Raquel Portugal

Development of a nested PCR and its internal control for the detection of African swine fever virus (ASFV) in Ornithodoros erraticus

Summary.A nested PCR assay, with an internal control, was developed to detect African swine fever virus (ASFV) DNA in Ornithodoros erraticus. The assay revealed a better analytical sensitivity than virus isolation and the OIE PCR protocol. All ticks collected from the field, which were positive by virus isolation, were also positive by PCR. Viral DNA was detected in a further 19 out of 60 ticks from which no virus was isolated. Our results show that this assay is reliable and can easily be used to screen large tick populations collected in the field for the presence of ASFV.

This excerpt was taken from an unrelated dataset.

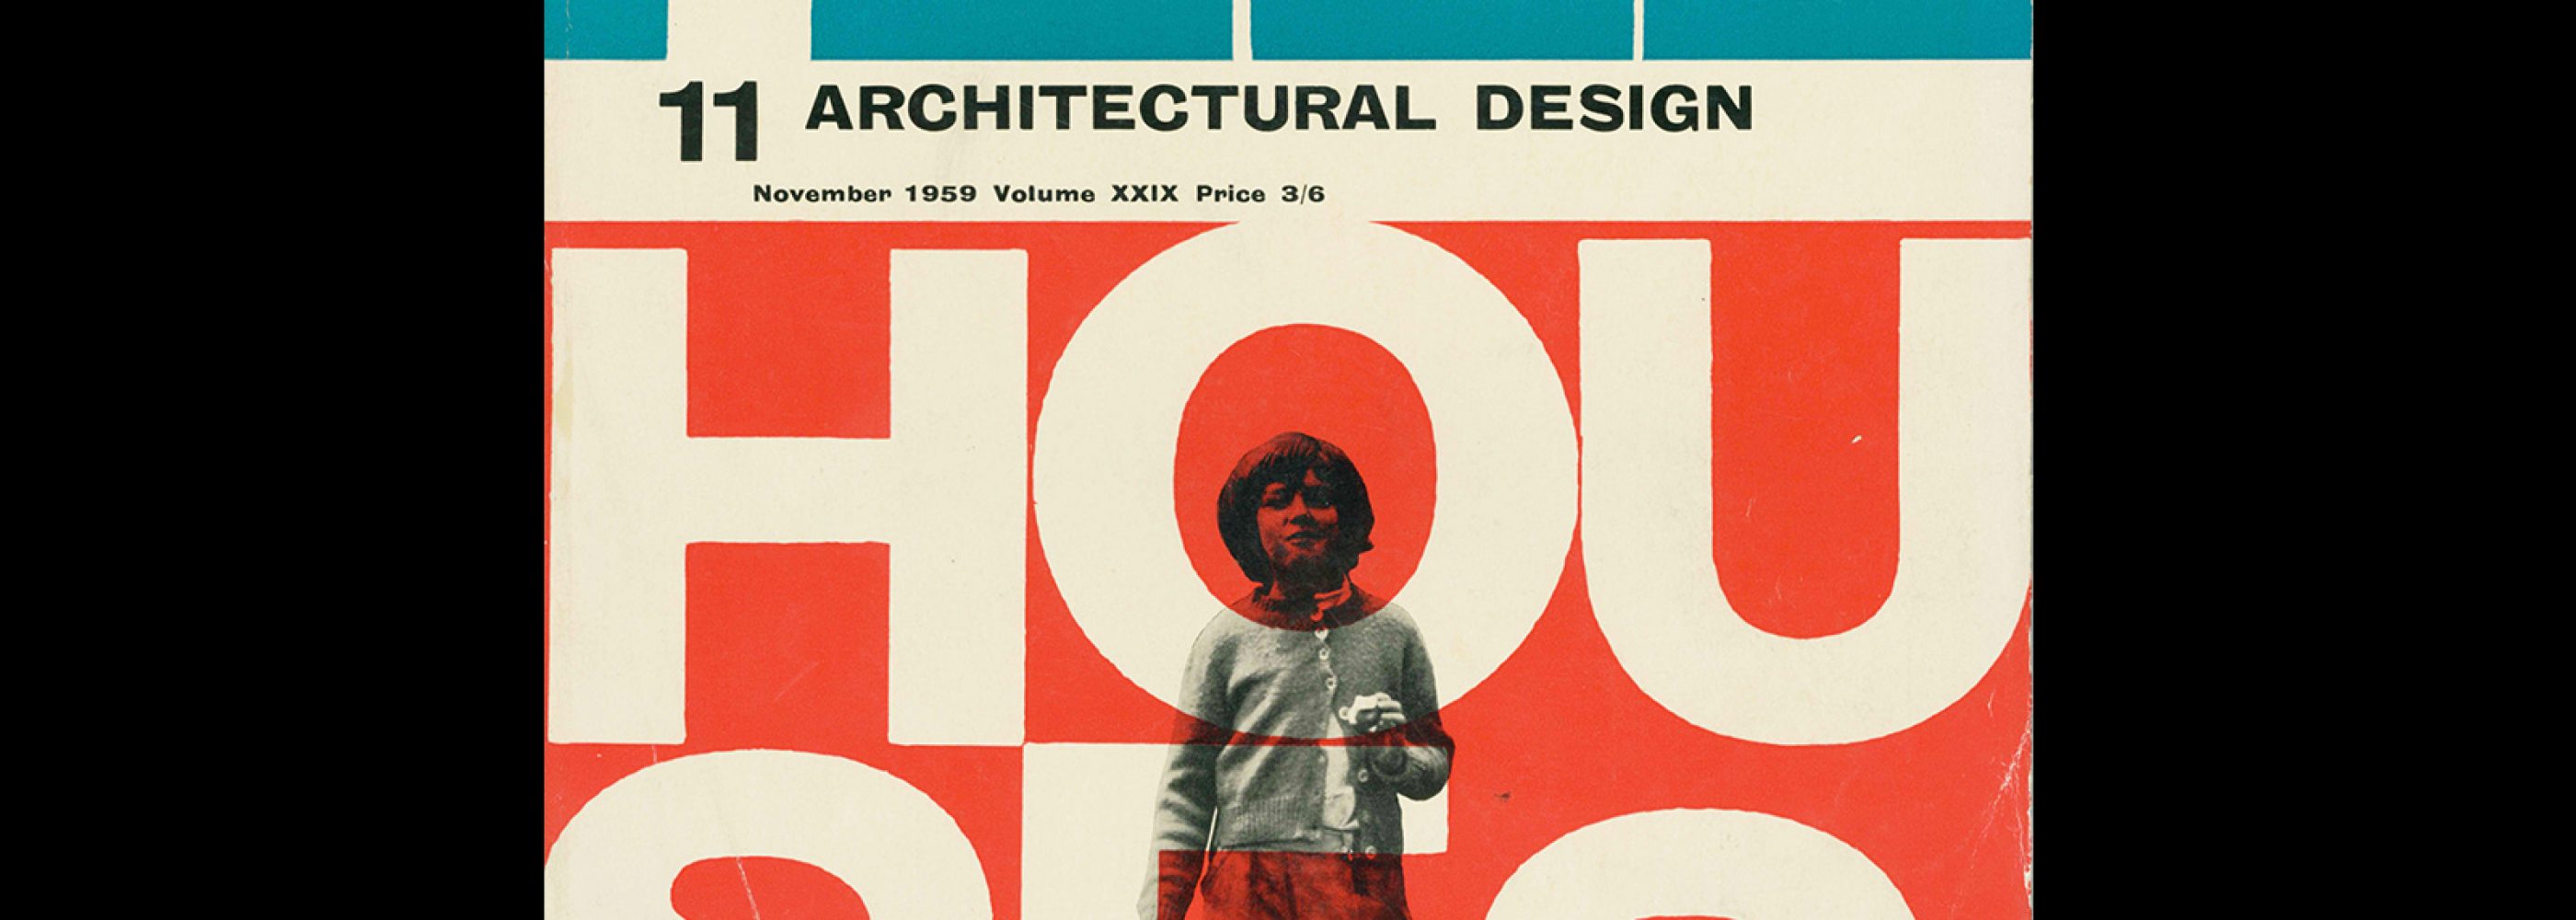 Architectural Design, November 1959. Cover design by Theo Crosby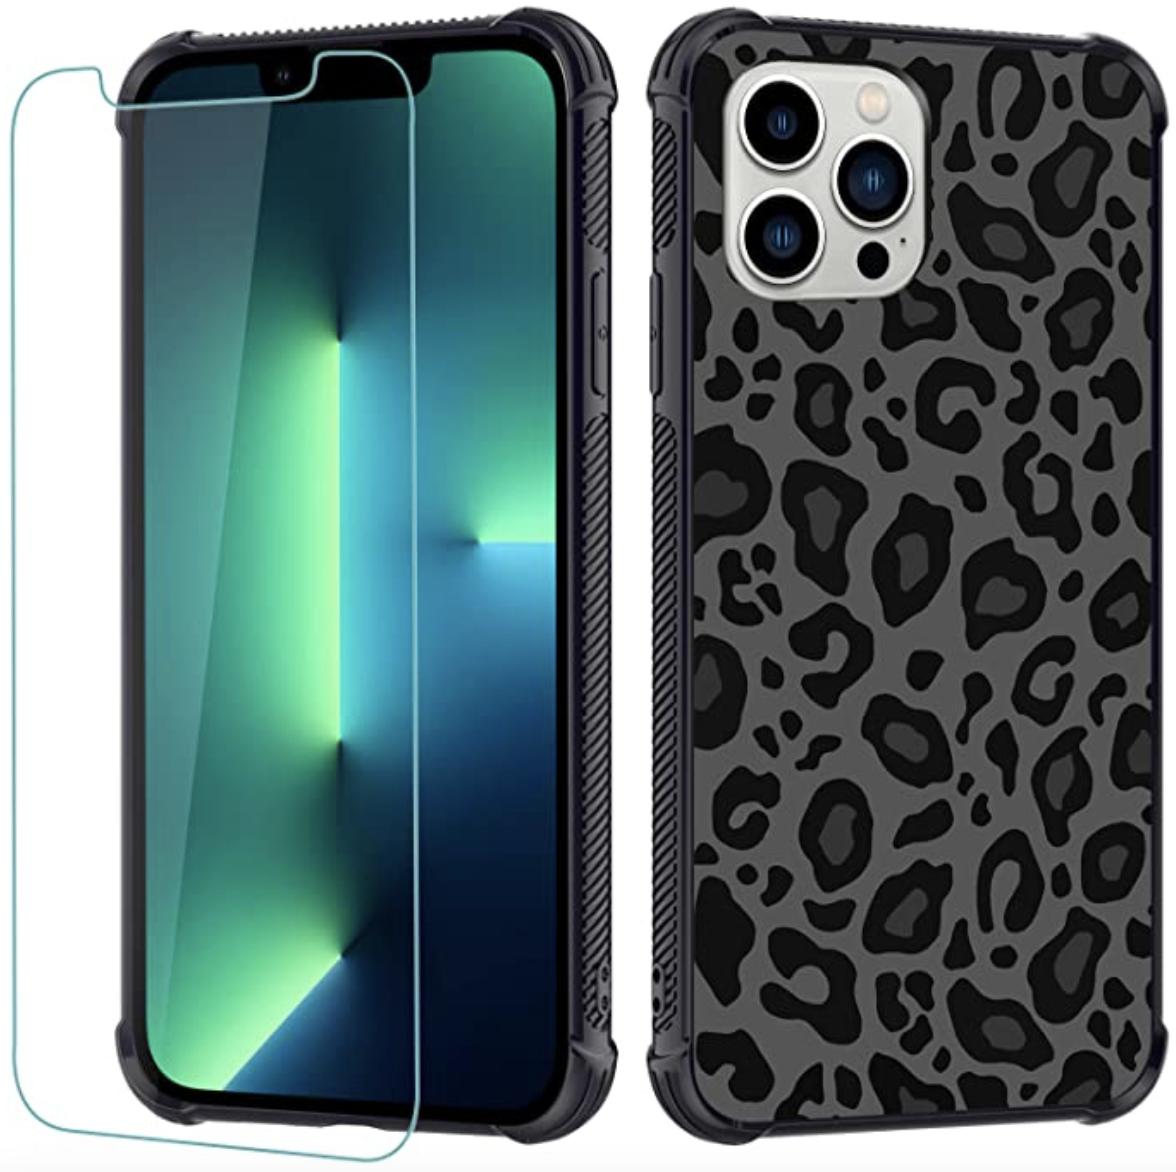 Mzelq Iphone 13 Pro Max Case Render Cropped

Related strains of African swine fever virus with different virulence: genome comparison and analysis

Two strains of African swine fever virus (ASFV), the high-virulence Lisboa60 (L60) and the low-virulence NH/P68 (NHV), which have previously been used in effective immunization/protection studies, were sequenced. Both were isolated in Portugal during the 11-year period after the introduction of ASFV to the European Continent in 1957. The predicted proteins coded by both strains were compared, and where differences were found these were also compared to other strains of known virulence. This highlighted several genes with significant alterations in low-virulence strains of ASFV that may constitute virulence factors, several of which are still uncharacterized regarding their function. Phylogenetic analysis grouped L60 and NHV closest to other P72 genotype I ASFV strains from Europe and West Africa, consistent with the assumed West African origin of all European strains. Interestingly, a relatively lower genomic identity exists between L60 and NHV, both isolated in a similar geographical location 8 years apart, than with other European and west African strains isolated subsequently and in more distant locations. This may reflect the intensive passage in tissue culture, during the early 1960s, of a Portuguese isolate to obtain an attenuated vaccine, which may have led to NHV. This study contributes to a better understanding of the evolution of ASFV, and defines additional potential virulence genes for future studies of pathogenesis towards the development of effective vaccines.

A novel bromodeoxyuridine-resistant wild boar lung cell line facilitates generation of African swine fever virus recombinants

Manipulation of African swine fever virus (ASFV) genomes, in particular those from field strains, is still a challenge. We have shown recently that generation of a green-fluorescent-protein-expressing, thymidine-kinase-negative (TK−) mutant of the low-pathogenic African swine fever virus field strain NHV was supported by a TK− Vero cell line. Since NHV, like other ASFV field strains, does not replicate well in Vero cells, a bromodeoxyuridine (BrdU)- resistant cell line derived from wild boar lung (WSL) cells, named WSL-Bu, was selected. WSL cells were used because they are suitable for productive replication of NHV and other ASFV field strains. Here, we show that WSL-Bu cells enable positive selection of both TK− and TK+ ASFV recombinants, which allows for novel strategies for construction of ASFV mutants. We further demonstrate for a low-pathogenic ASFV strain that TK expression is required for infectious replication in macrophages infected at low multiplicity and that vaccinia TK fully complements ASFV TK in this respect.

Characterization of African swine fever virus IAP homologue expression in porcine macrophages infected with different virulence isolates.

Genes modulating apoptosis are encoded by many viruses and have an important role in viral evasion mechanisms. Our objective was to characterize the expression of the IAP homologue gene of African swine fever virus (ASFV), 4-CL, during in vitro infection of porcine macrophages, the preferential target cell for viral replication. Expression was compared along parallel infections by two naturally occurring ASFV isolates of different virulence: highly virulent ASFV/L60 (L60) and low virulent non-hemadsorbing ASFV/NH/P68 (NHV). Efficiency of macrophage infection by both isolates was similar, as observed both by the percentage of infected cells in culture and by virus progeny production. Our results showed that transcription of 4-CL initiates very early after infection with both isolates, since specific mRNAs were observed and quantified at 1.5h post-infection (p.i.). However, the protein was produced later, from 4 to 8h p.i., around the same time when viral DNA replication is reported to occur. 4-CL protein was more abundant in L60 than NHV infected cells, at both 8 and 16h p.i. The mRNA levels, however, did not correlate with those of protein expression. Overall our results suggest the existence of a post-transcriptional step in the regulation of 4-CL gene expression.